Abstract
Genetic studies have to date identified 43 genome wide significant coeliac disease susceptibility (CD) loci comprising over 70 candidate genes. However, how altered regulation of such disease associated genes contributes to CD pathogenesis remains to be elucidated. Recently there has been considerable emphasis on characterising cell type specific and stimulus dependent genetic variants. Therefore in this study we used RNA sequencing to profile over 70 transcriptomes of CD4+ T cells, a cell type crucial for CD pathogenesis, in both stimulated and resting samples from individuals with CD and unaffected controls. We identified extensive transcriptional changes across all conditions, with the previously established CD gene IFNy the most strongly up-regulated gene (log2 fold change 4.6; Padjusted = 2.40x10-11) in CD4+ T cells from CD patients compared to controls. We show a significant correlation of differentially expressed genes with genetic studies of the disease to date (Padjusted = 0.002), and 21 CD candidate susceptibility genes are differentially expressed under one or more of the conditions used in this study. Pathway analysis revealed significant enrichment of immune related processes. Co-expression network analysis identified several modules of coordinately expressed CD genes. Two modules were particularly highly enriched for differentially expressed genes (P<2.2x10-16) and highlighted IFNy and the genetically associated transcription factor BACH2 which showed significantly reduced expression in coeliac samples (log2FC -1.75; Padjusted = 3.6x10-3) as key regulatory genes in CD. Genes regulated by BACH2 were very significantly over-represented among our differentially expressed genes (P<2.2x10-16) indicating that reduced expression of this master regulator of T cell differentiation promotes a pro-inflammatory response and strongly corroborates genetic evidence that BACH2 plays an important role in CD pathogenesis.
Highlights
Coeliac Disease (CD) is defined as a common, chronic inflammatory disease of the small intestine that occurs in genetically predisposed individuals and is triggered by exposure to gluten and similar proteins in related grains[1]
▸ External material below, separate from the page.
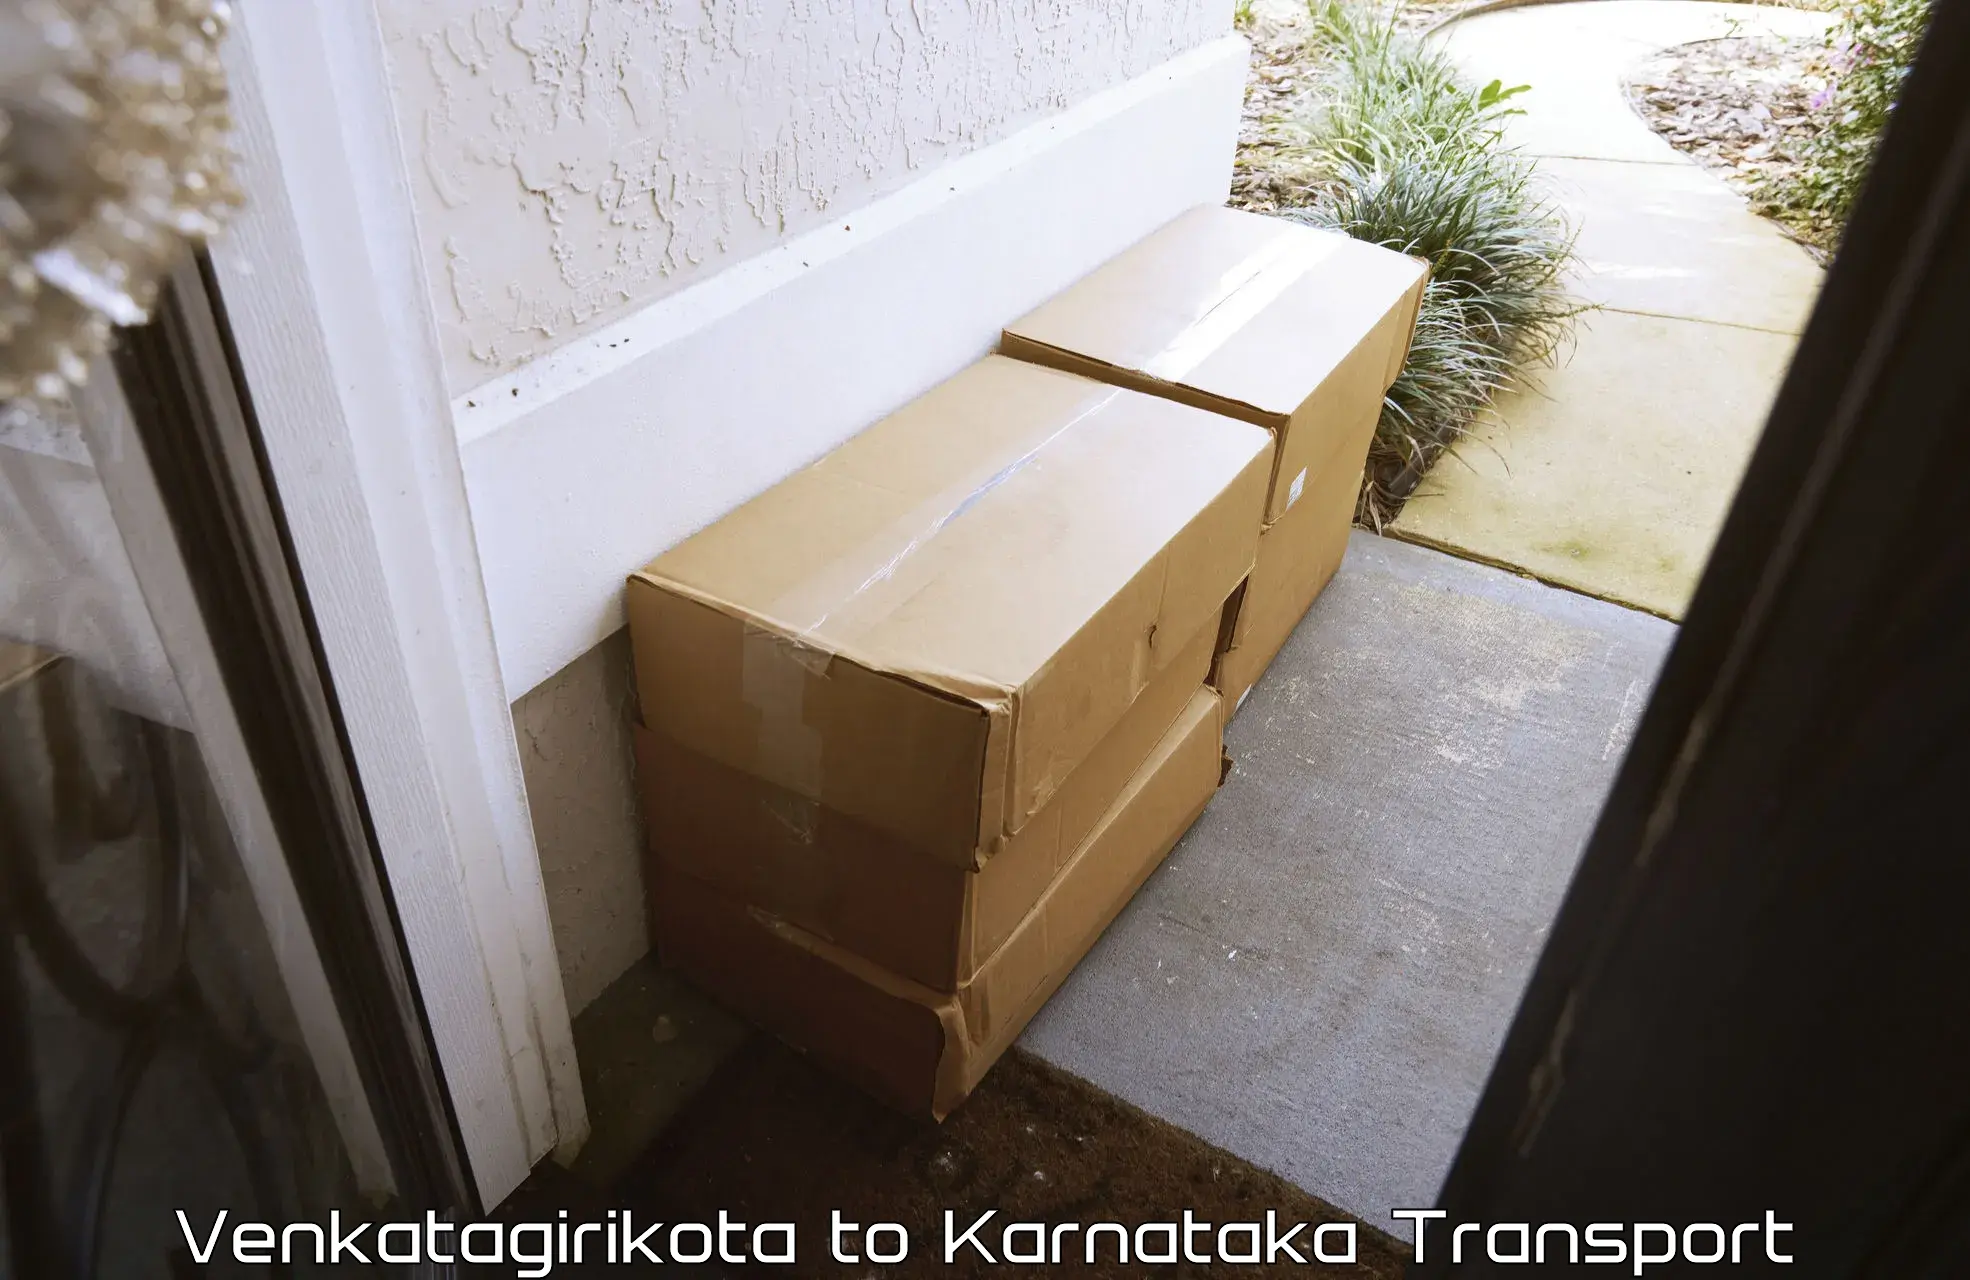 Air freight transport services Venkatagirikota to Kudligi

With a known environmental trigger, gluten and the HLA-DQ genes well characterised as genetic risk factors, coeliac disease is one of the best understood of all complex diseases
Recent genome wide association studies (GWAS) and fine mapping studies have identified over 40 CD susceptibility loci
Summary
Coeliac Disease (CD) is defined as a common, chronic inflammatory disease of the small intestine that occurs in genetically predisposed individuals and is triggered by exposure to gluten and similar proteins in related grains[1]. The majority of genetic variants associated with inflammatory diseases, as revealed by GWAS, are located in non-protein coding sequences and are thought to exert their affect by altering the expression of disease associated genes, many of which remain to be definitively identified[8, 9]. By cross referencing with data from gene mapping studies, it may help pinpoint the most likely disease associated genes and genetic variants in the context of specific cells and activation statuses. Such information could potentially be used to refine disease prognosis and risk prediction and may be useful in monitoring disease status[10,11,12]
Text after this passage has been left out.